O lançamento aconteceu na sede da Fundação Rosa Luxemburgo, durante o evento intitulado “O que a agroecologia e a alimentação saudável têm a ver com o combate ao racismo ambiental?”.
O livro tem distribuição gratuita e está disponível no site do Instituto. A Oralituras foi a editora responsável pela obra.
Sobre o livro
Na ocasião, especialistas de diversas áreas compartilharam suas experiências e conhecimentos sobre possíveis ações que partam da agroecologia como um movimento que educa e contribui com a conexão com a terra, com os territórios e com a ancestralidade, revelando outros modos possíveis de produzir e distribuir alimentos fundamentados na coletividade e na sustentabilidade socioambiental.

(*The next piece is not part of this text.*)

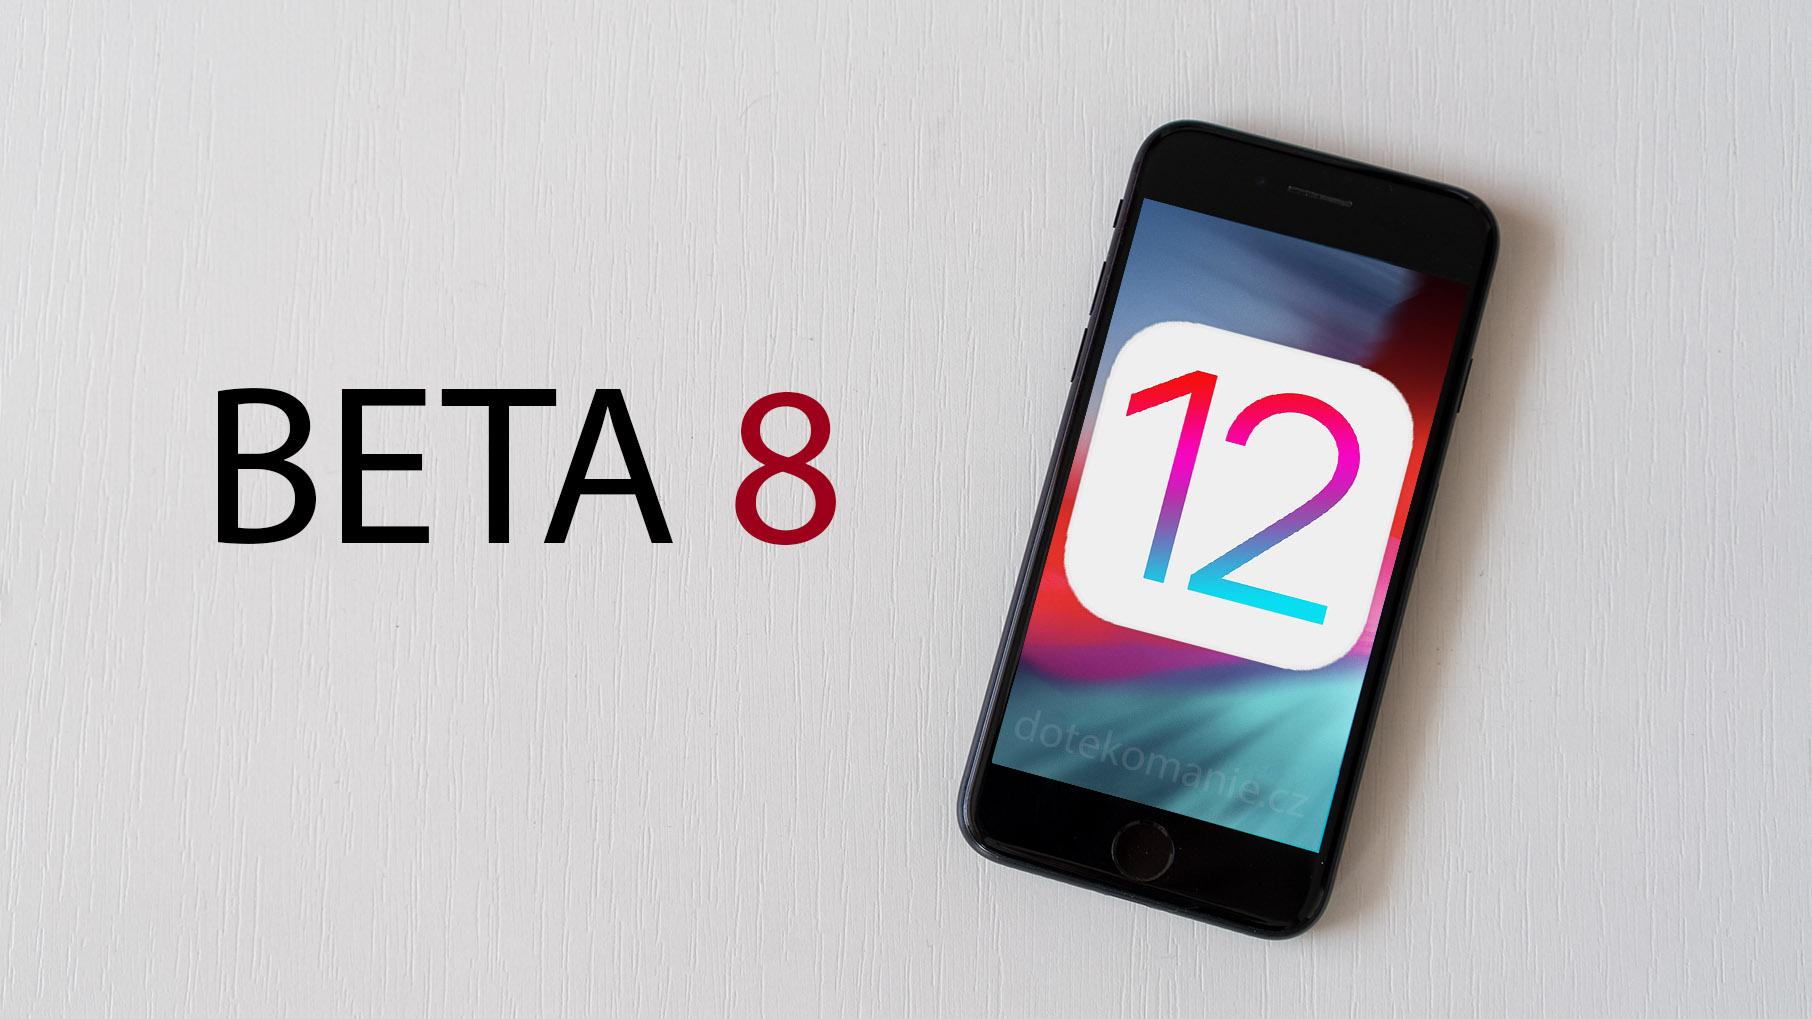 Apple vydal iOS 12 beta 8, odstranil skupinové hovory a přidal drobné funkce

Os capítulos estão distribuídos de acordo com as temáticas das lives, criando um arranjo de um rico registro das discussões e experiências compartilhadas, contribuindo significativamente para o aprimoramento de nossa compreensão sobre como construir comunidades mais saudáveis, resilientes e sustentáveis, o que só é possível com a superação e o combate ao racismo.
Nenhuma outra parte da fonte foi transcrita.